Everybody has their own memories of Thanksgiving. Positive or negative, the holidays affect us. It's amazing how a couple of special days a year, invoke feelings, of remembered sights and sounds and smells.
My parents always invited someone over to sit around our table on Thanksgiving. There was always a stray, lonely man, adopted by us at holiday time..when we were living in Michigan, and Indiana too. Mr. Hoag, who by today's standards would have frightened most parents. He was a scruffy,tiny, somewhat dirty old man who lived across the road, in a shack. Really, I don't know what else to call it. I think that he collected stuff, as it was all over the place. He would come, in a worn out suit, and would sit at the end of the table, with a prized turkey leg on his plate. My folks were good like that.
Harold, lived a lonely life across the street from us in Indiana. He always walked with his hands behind his back, and his head down, slightly bent over. That's how he died, walking like that, in his eighties by then, and was hit by car and died. Anyway, he was a bachelor man, who stuttered and was painfully shy. He would come dressed in an old wool jacket, and a bow tie. He barely spoke a word to us as he ate his Thanksgiving meal. He was genteel in his own way, and tolerated my two brothers and I well. He was always grateful, and took home a foiled covered plate of food after spending several hours in our company.
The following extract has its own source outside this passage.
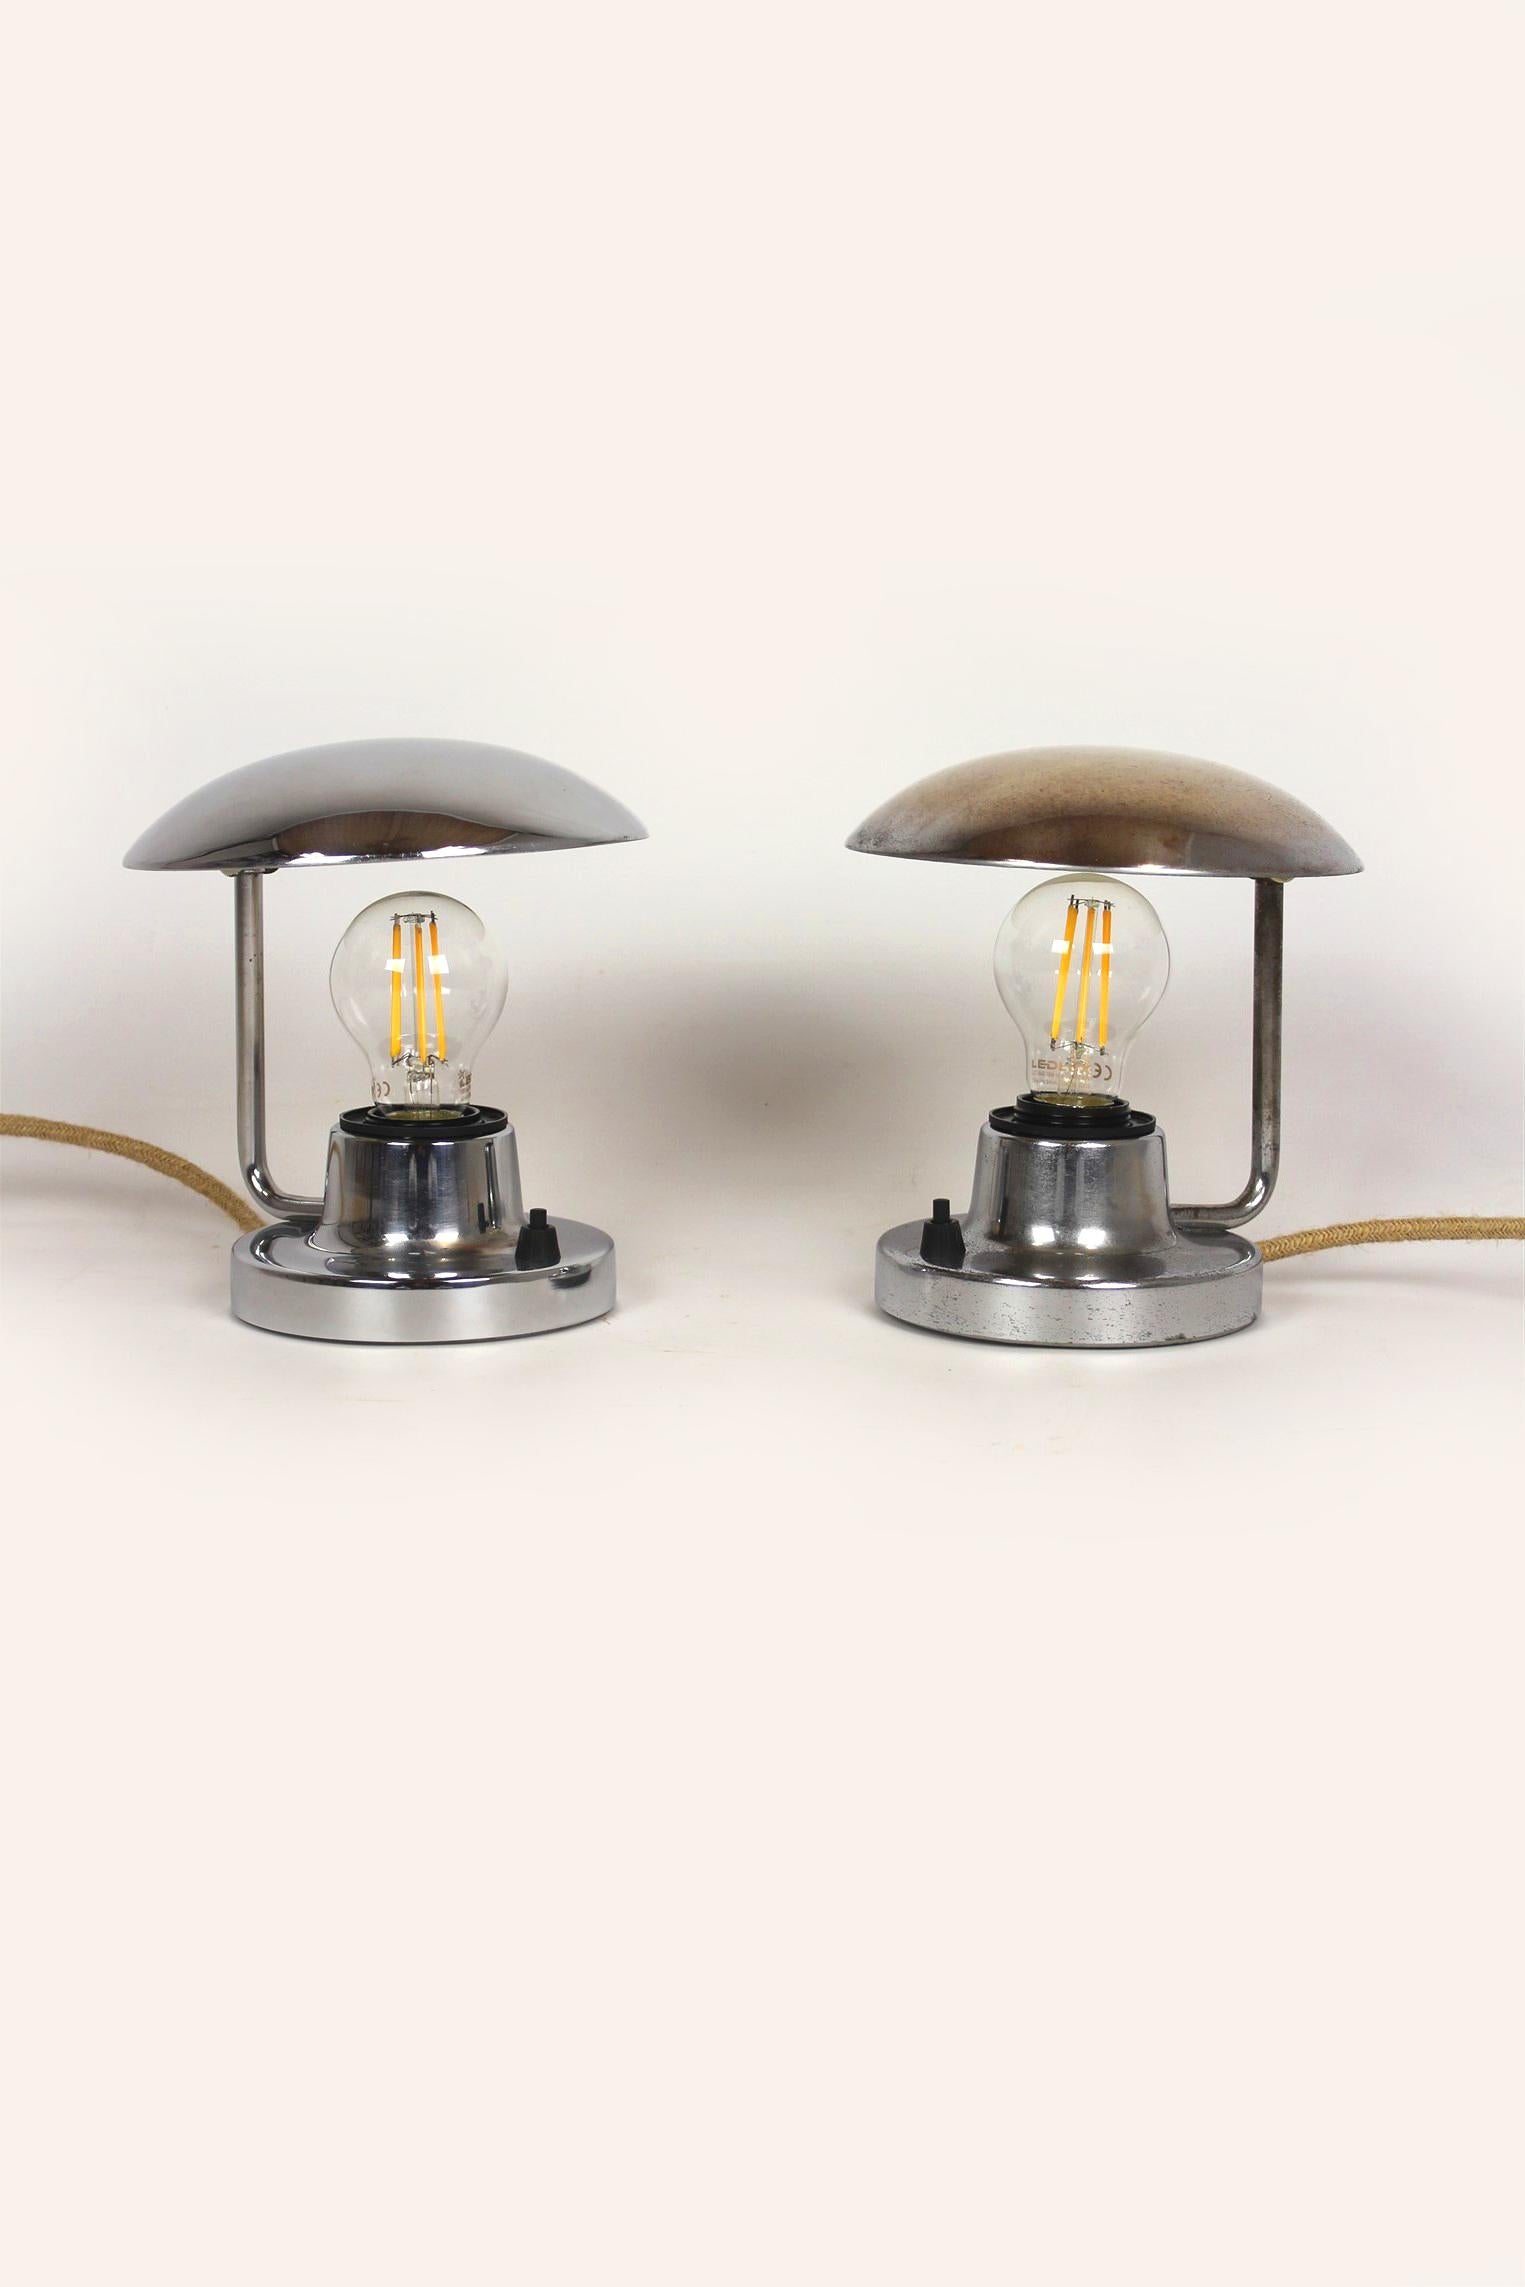 Diese verchromten Tischlampen (Typ 1195) im Bauhaus-Stil wurden von Napako in den 1940er Jahren in der Tschechischen Republik hergestellt. Die Lampen haben neue elektrische Installationen und Jutekabel im Retro-Stil. Voll funktionsfähig, mit den auf

It was so interesting, and almost magical getting the food ready for turkey day. It was food we only ate once or twice a year. The grocery list included exotic things like coconut, real butter, colorful cranberries, and a twenty-something pound bird that took up the entire refrig. The night before we tore up the bread for dressing into huge crockery bowls. A gruesome smelling pot of giblets boiled on the stove, as we chopped celery and onions and browned them in a pan of melted butter. This was an annual ritual in itself. Holidays were big doings in the 50's and 60's, in our eyes. The good china and real silver came out, along with the good white tablecloths that needed to be ironed. The leaves were put in the table, and every spare chair, stool, and piano bench brought out. I miss those days, I really do. I've never been able to recreate those special times. I do wonder about the memories that are housed in my kid's heads about their childhood Thanksgivings. Jim and David always made a turkey, for the two of them. Today, David makes a big bird in his great grandparents roaster, and stirs the gravy, just as his dad taught him. Our kids live in different states, and celebrate in their own way, with others, making their own traditions; most years anyway.
My siblings have their own children to feast with, and live miles away. Jim and I will be home with the corgi kids, and have a quiet day. We'll call our mamas, and aunts, and kids, and maybe use the video cam for the first time. We'll be thinking back though, to memories of Thanksgivings past, and seeing faces of people long gone in our minds eye. Once again, experiencing those warm, secure, thankful feelings all over again. Thank you God for those memories, and for the family who gave them to us.
1 comment:
On the Thanksgivings when we are home, I make the same sage dressing that Gram always made, and follow the hand-written instructions my Mama mailed me when I was in grad school and cooking my first bird. There's something about the smell of turkey in the oven that brings back memories of Gram's house and everyone sitting around the table. I forgot Gram used to invite Harold over for dinner...I remember him! That would be a lovely tradition for our family to start.